Tersangka Said Agil dan Novian Ropita Kembalikan Uang Rp 130 Juta

Written By Unknown on Jumat, 26 Desember 2014 | 12.41

Laporan Tribunnews Batam, Aprizal

TRIBUNNEWSBATAM.COM, TANJUNGPINANG - Belum kelar proses penyidikan dugaan korupsi dana hibah Pemrov Kepri ke Komisi Pemilihan Umum (KPU) Kepri dalam Pemilihan Gubernur (Pilgub) tahun 2010, dua tersangka, Said Agil dan Novian Ropita, berinisiatif mengembalikan uang kerugian negara.

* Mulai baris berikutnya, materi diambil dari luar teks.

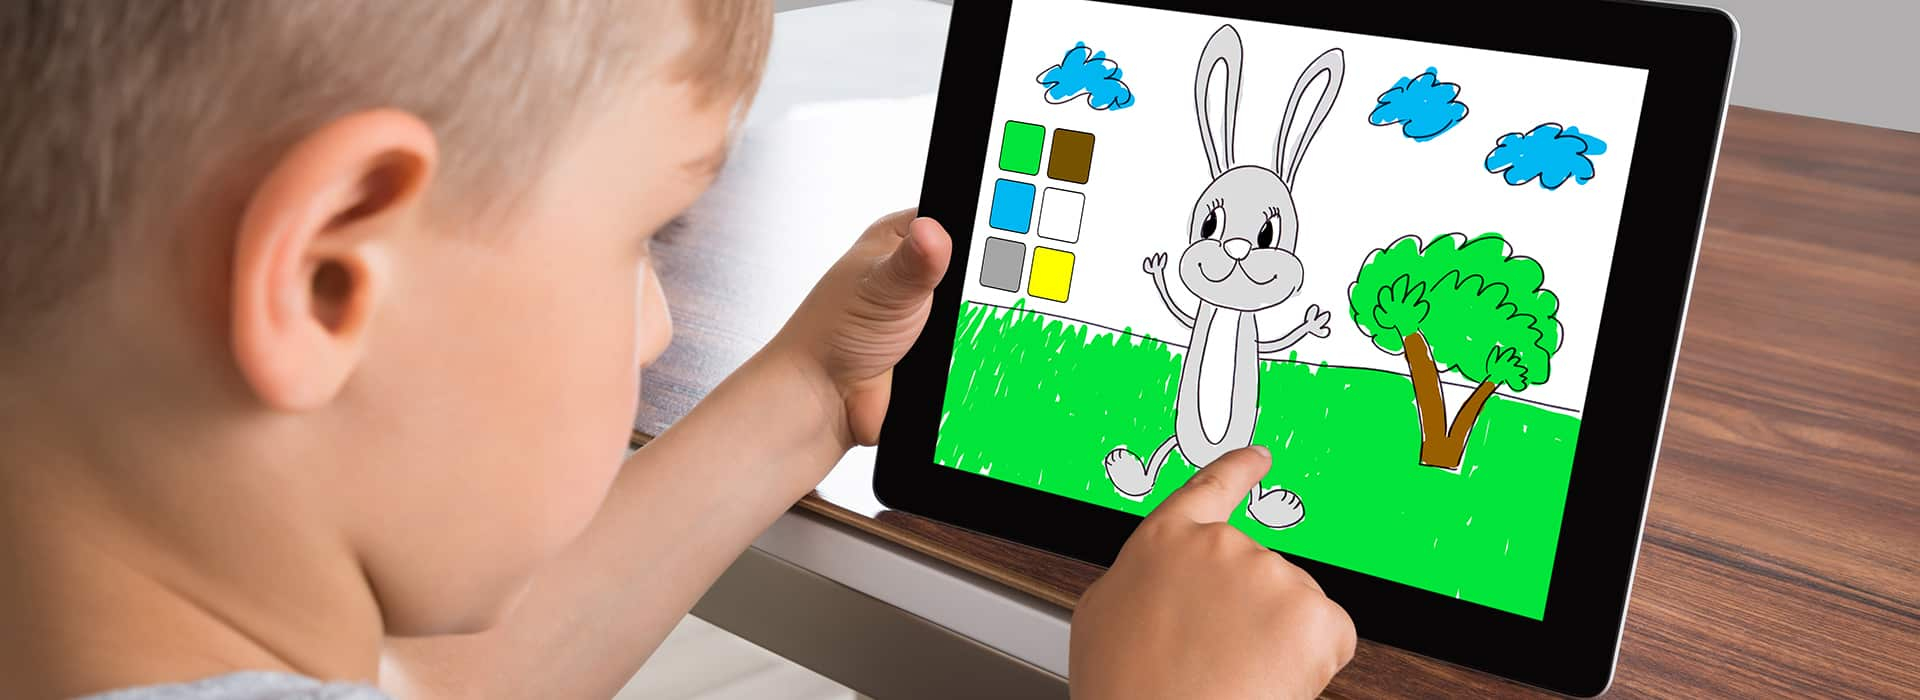 Tablette Enfant : Voici Les Meilleurs Modèles À Offrir En 2020 intérieur Jeux Pour Petit Garcon De 3 Ans Gratuit

Meski demikian, pengembalian uang hasil korupsi tersebut tidak serta merta menghilangkan perbuatan melawan hukum tersebut.

Kasi Pidana Khusus (Pidsus) Kejaksaan Negri (Kejari) Tanjungpinang, Maruhum, mengungkapkan, mantan Sekretaris KPU Kepri yakni Said Agil, telah mengembalikan uang sebesar Rp 88 juta.

Sementara mantan Bendahar yakni Novian Ropita, juga telah mengembalikan uang sebesar kurang lebih Rp 50 juta. Uang yang diduga hasil korupsi tersebut dititipkan melalui penyidik Kejari Tanjungpinang.

"Dalam penetapan tersangka korupsi, penyidik juga berupaya mengembalikan kerugian negara. Setelah penetepan kedua tersangka, tersangka bersedia mengembalikan uang diduga hasil korupsi yang diperoleh sebesar kurang lebih Rp 138 juta. Uang itu akan dipergunakan sebagai barang bukti dalam persidangan,"kata Maruhum.

Meski, tersangka Said Agil dan Novian Ropita telah mengembalikan uang yang merupakan kerugian negara, namun tidak akan mempengaruhi proses penyidikan. Sebaliknya, jelas Maruhum, uang pengembalian tersebut akan dipergunakan sebagai barang bukti dalam persidangan.

"Pengembalian uang tersebut hanya akan mempengaruhi tuntutan jaksa. Bila seharusnya tersangka dituntut agar memberikan uang penganti terhadap kerugian negara, dengan dikembalikan uang itu maka tuntutan itu akan dihilangkan,"ujar Maruhum.

Hingga kini, kata Maruhum, penyidik Kejaksaan sudah selesei memeriksa kedua tersangka dan meminta keterangan sejumblah saksi. Pihaknya juga sudah melakukan pemberkasan, sehingga secepatnya dilimpahkan ke Pengadilan. Sebelum dilimpahkan, kata Maruhum, kelengkapan pemberkasan hanya tinggal menunggu audit BPK.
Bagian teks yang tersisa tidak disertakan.